From the first line to the last, print the material exactly, skipping the pictures.

▶ _RAW DATA_
BEGIN
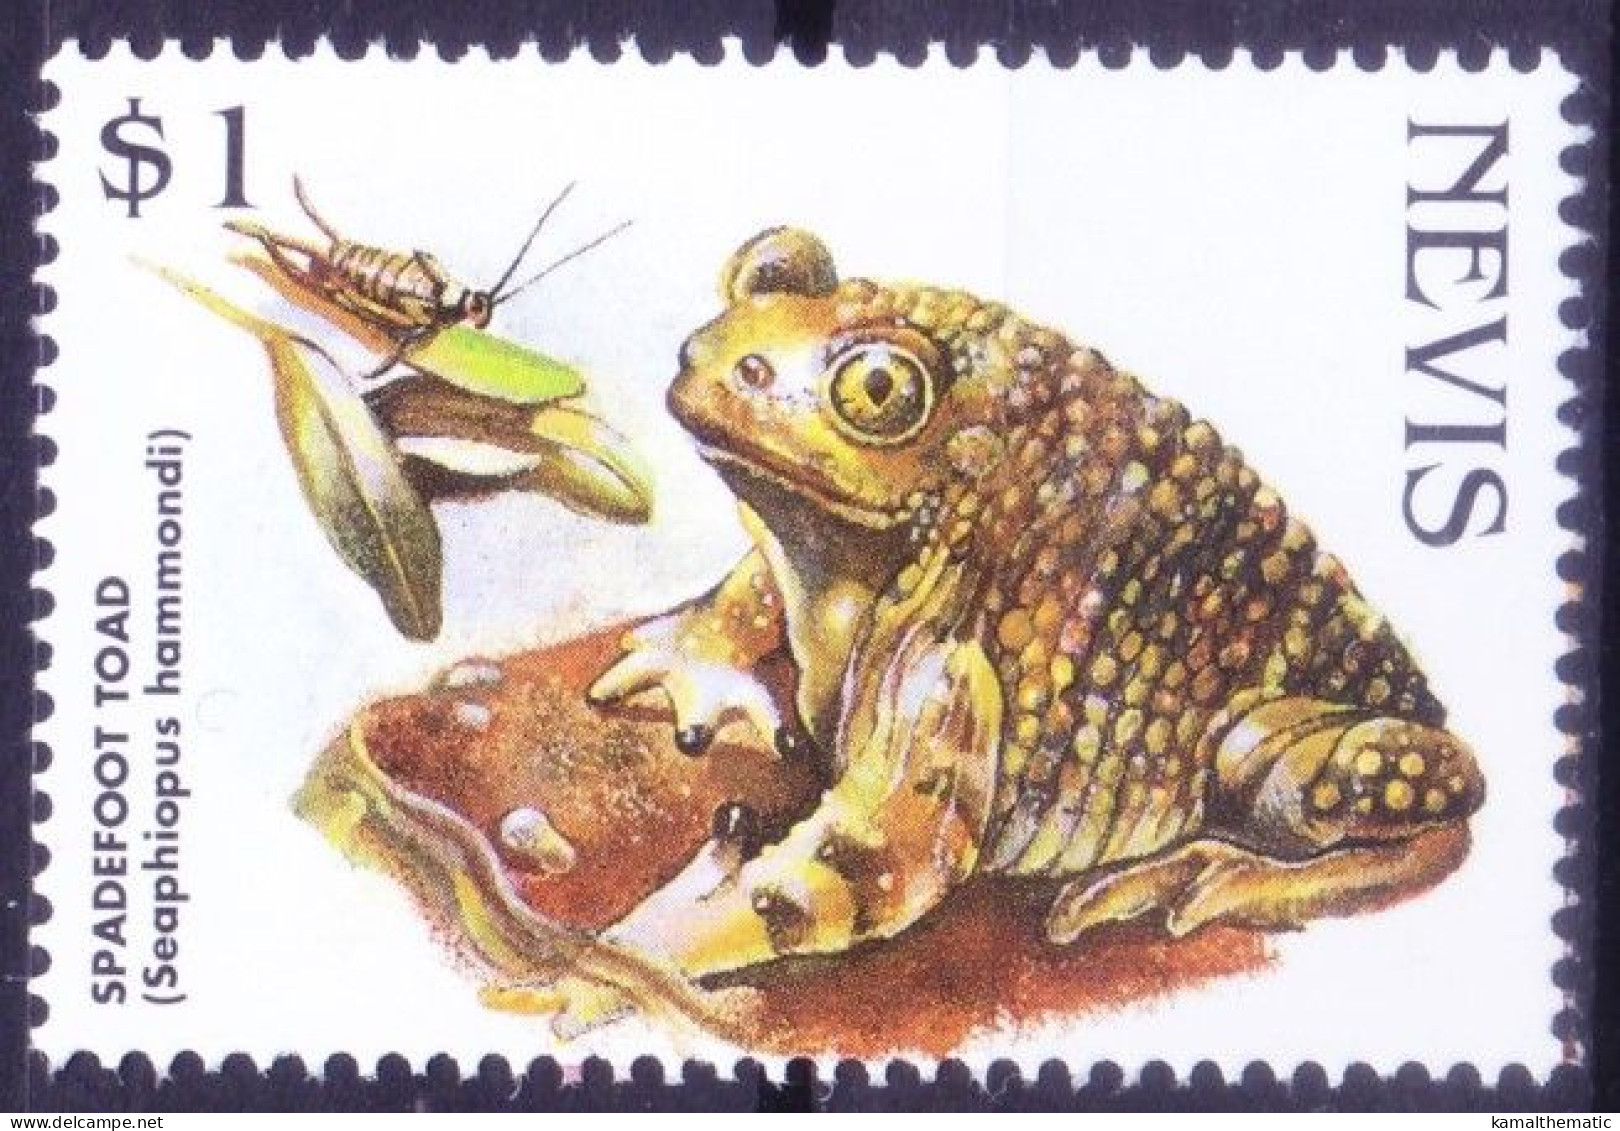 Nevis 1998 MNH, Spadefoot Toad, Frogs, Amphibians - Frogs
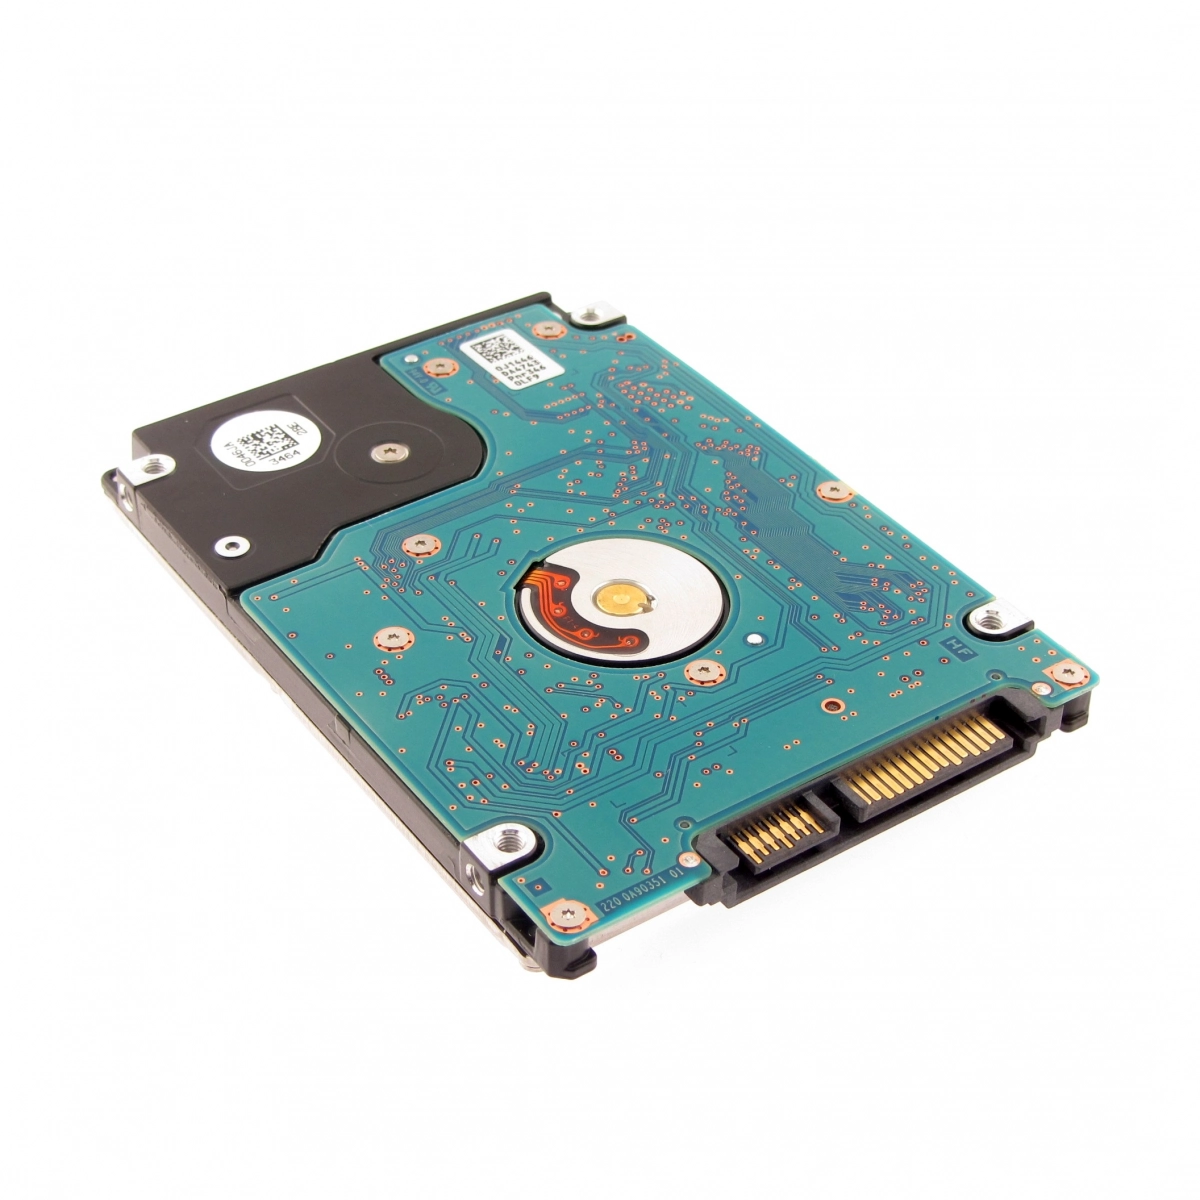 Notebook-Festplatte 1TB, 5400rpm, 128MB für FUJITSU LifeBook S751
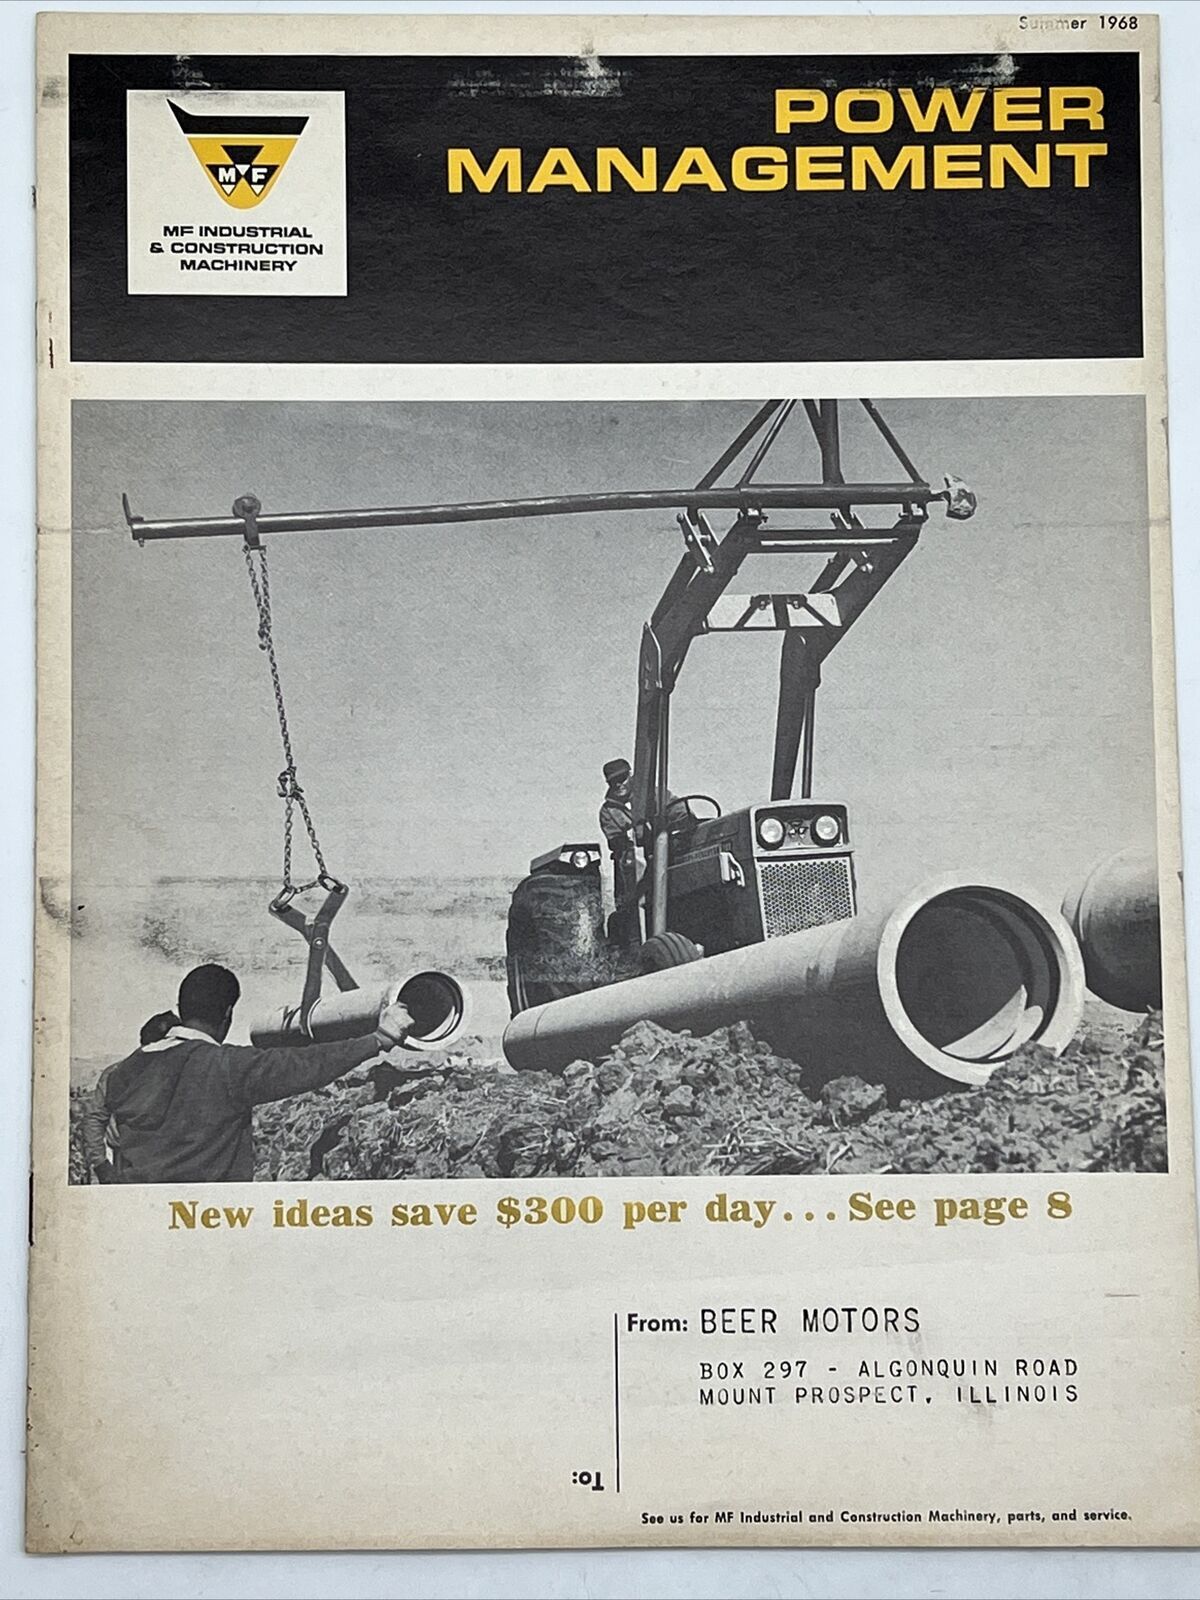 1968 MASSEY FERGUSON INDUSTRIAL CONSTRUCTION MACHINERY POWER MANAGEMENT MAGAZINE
END
▶ _WRITTEN RESPONSE_
 Nevis 1998 MNH, Spadefoot Toad, Frogs, Amphibians - Frogs
 Notebook-Festplatte 1TB, 5400rpm, 128MB für FUJITSU LifeBook S751
 1968 MASSEY FERGUSON INDUSTRIAL CONSTRUCTION MACHINERY POWER MANAGEMENT MAGAZINE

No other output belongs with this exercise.